Nothing I learn about Bob Marley diminishes my pleasure in his music (as I have tried to describe before here). More surprisingly, perhaps, nothing I learn makes me feel less confident that he was a remarkable man, and probably a sort of spiritual figure. I suppose the long and short of it is that I am pretty sure he was always interesting and would have become more and more so had he lived.
From my recollections of a brief conversation with him, I am confident that Marley was capable of accepting that Marcus Garvey was not an amazingly useful figure and that Haile Selassie may have been interesting or admirable but was hardly likely to be somehow divine. I know next to no Jamaican history or sociology and yet I feel able to doubt that Rastafarianism was a terrifically useful creed. (Kevin MacDonald’s film includes one intriguing passage in which Chris Blackwell, Marley’s most important mentor, implies that Rastafarian doctrines proved hazardous to Marley’s health.)
All in all, I wonder what Bob Marley would have become had he lived.
As a middle-aged man, would he have been able to sustain the promotion of ganga? Would he have remained committed to the idea that the white world was Babylon? I wonder too how Marley would have responded to the rap and hip-hop movements with their messages of black supremacy, alienation and entitlement and their call to separateness and violence.
My feeling is that Bob Marley was already, towards the end, aware of the contradictions in his life and thought and would have addressed them, perhaps really well.
The two newish films reinforce the crucial ways in which Marley’s world – the Jamaican world in general and his in particular – was richly complex. The essence of this is that Marley began his career riffing on the iniquity of slavery but actually himself benefitted from, depended on and was an exemplar of, the hybrid vigour of an island where globalisation’s collisions were all around. Marley wanted global success and he knew – probably from the start – that he needed the help of people who understood – were from – the very Babylon he was railing against. Esther Anderson was one such and so, of course, was Chris Blackwell. Both were authentically Jamaican, and neither were of slave lineage – indeed, one supposes they came from the island’s upper classes. Marley came from the class of exploiters and exploited – to use a horribly simple way of putting it. He was clear that he was comfortable with that confluence, but it is also clear that he hadn’t really worked out what it meant intellectually – except perhaps in his very, very important willingness to appeal to all. After all, his musical appeal and I would say his spiritual reach were cosmopolitan and therefore not ethnic, exclusive or cultish.

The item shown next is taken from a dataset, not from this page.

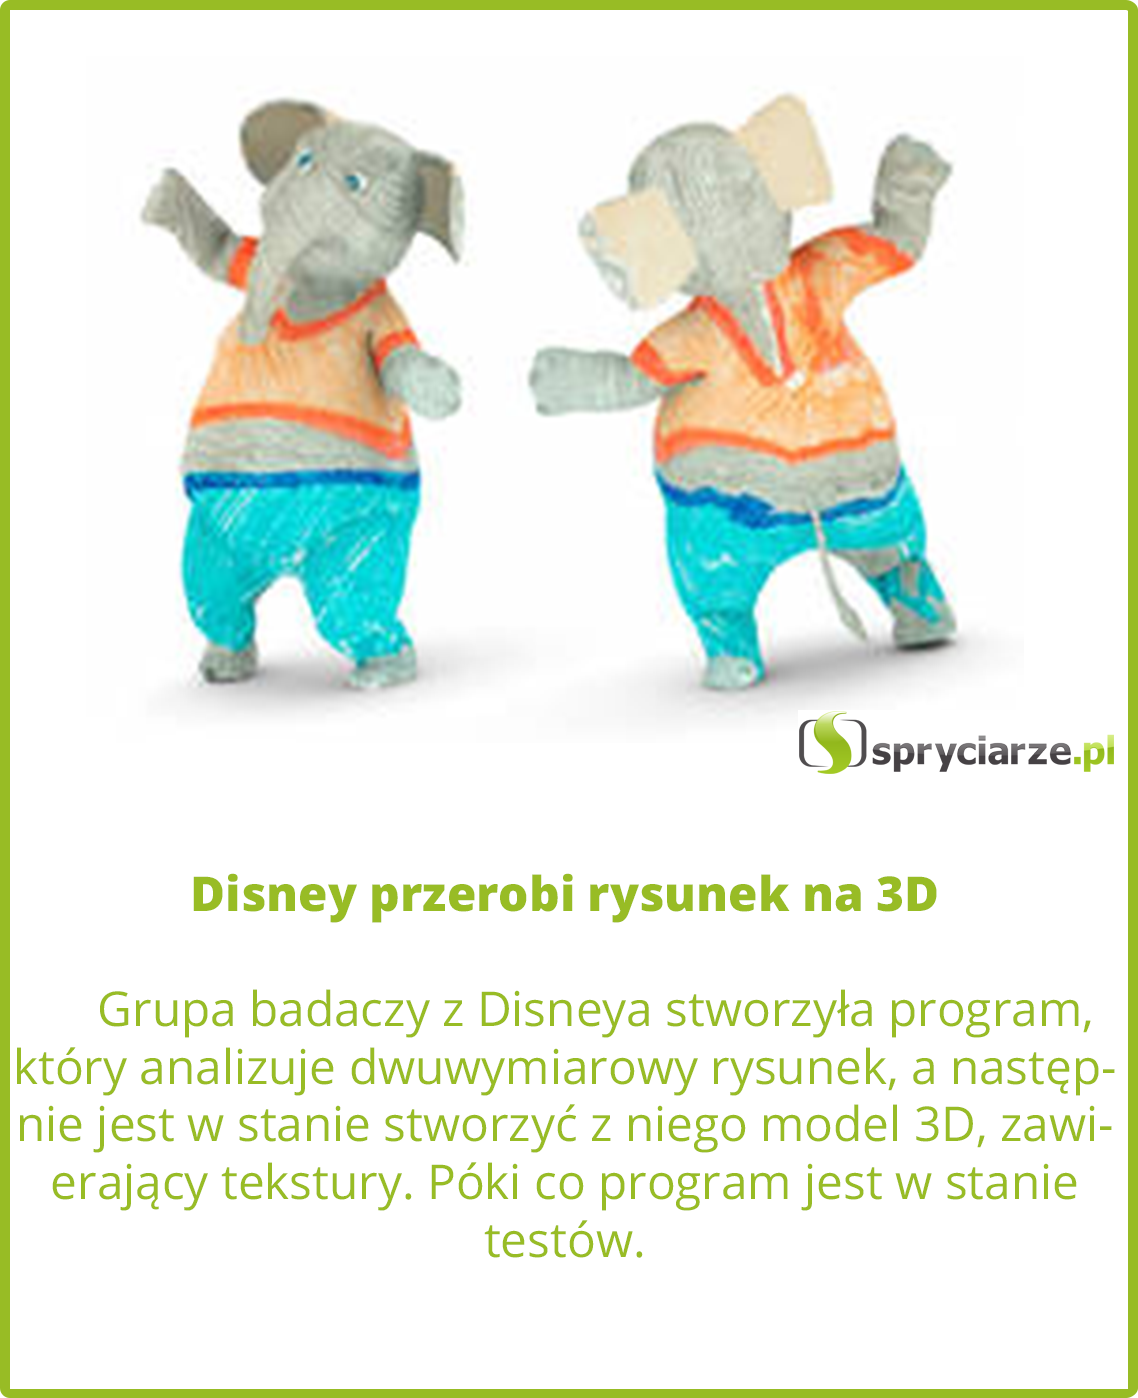 Disney przerobi rysunek na 3D

It’s a small, elegant, counter-intuitive footnote to the whole reggae story that a white Roman Catholic nun, Sister Mary Ignatius Davies, was invaluable in enthusing several tyro reggae stars and Marley collaborators (though not, directly, Bob Marley himself): I always love it when white Roman Catholic Europeans turn out to have been useful to indigenous people (see, for instance, the missionaries referred to the film, Lucky Lady).
To his consternation (it is often noted), his years of success took Marley further and further from black audiences. The admiration he garnered from white audiences, even if they were imagining themselves as liberationists, would surely, sooner or later, have melded with other facts about his life to make him come out of the ghetto. The world stage he craved and achieved would have been a very weird pulpit from which to expound the sort of victimhood which is seldom liberating. Would he have been thrilled to see the use of patois – the language of his psalmody – hobbling generation after generation of African-Americans?

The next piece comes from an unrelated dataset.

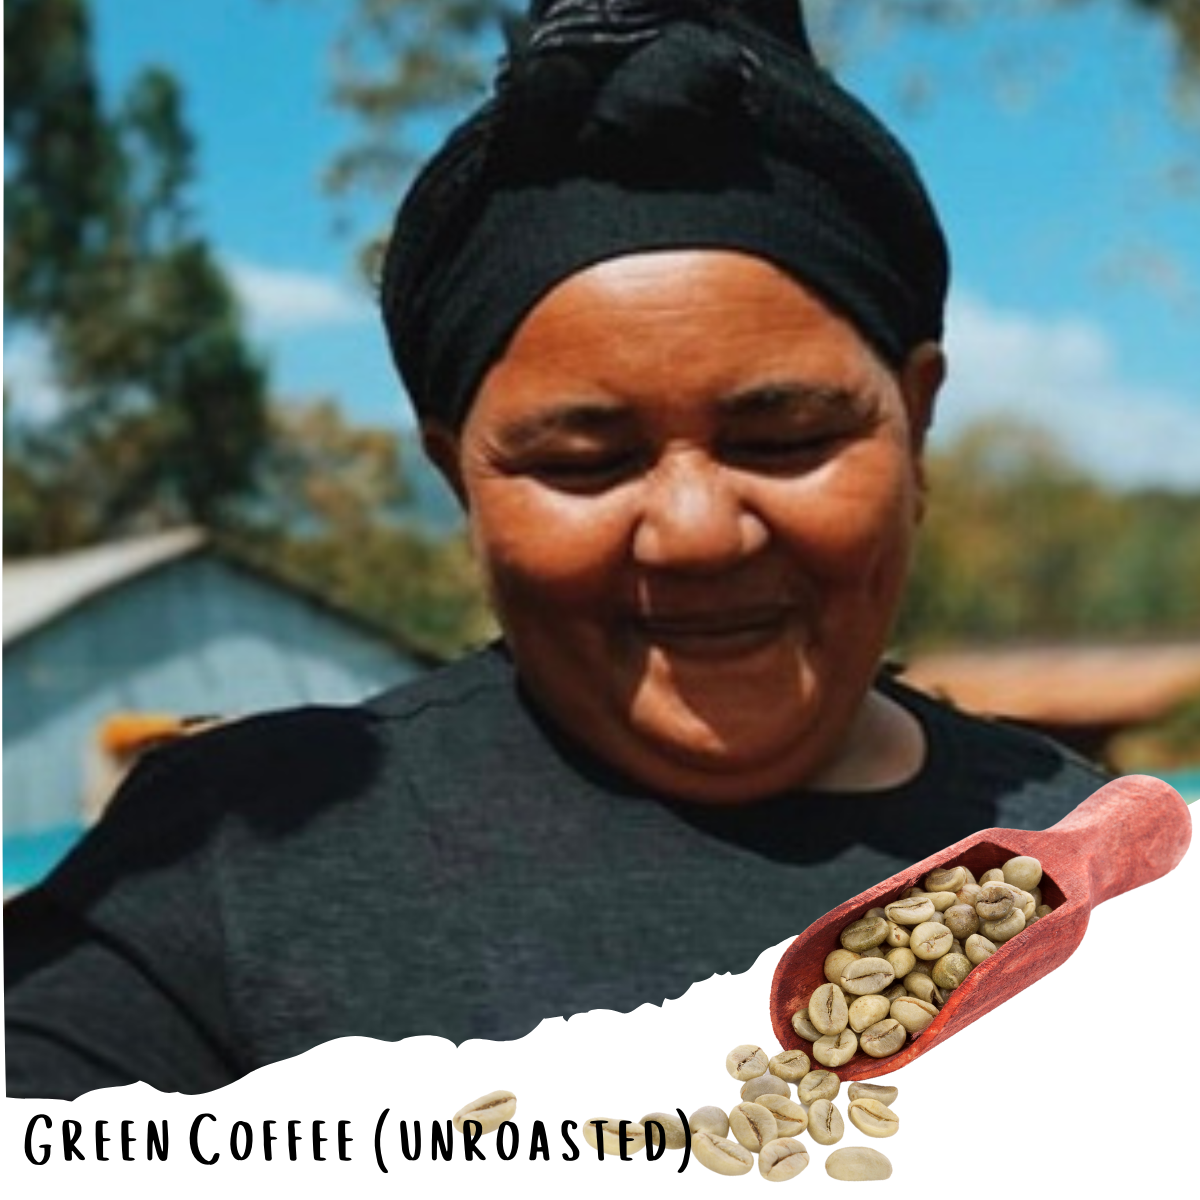 Buze Besha - Farmer Direct Lot - Sidama Bensa Dembi - Washed G1 Ethiopian Specialty Coffee (Unroasted)

Of course we can’t be sure. Bob Marley might have continued to inhabit a simplistic political and cultural parallel universe. He had already turned it into wonderful sounds and songs, and they were and remain convincing, just as David’s psalms remain marvellous now, even for religious sceptics who may also reject the Biblical account of Jewish history.
I prefer to think that Bob Marley would have blossomed in more interesting and sophisticated ways.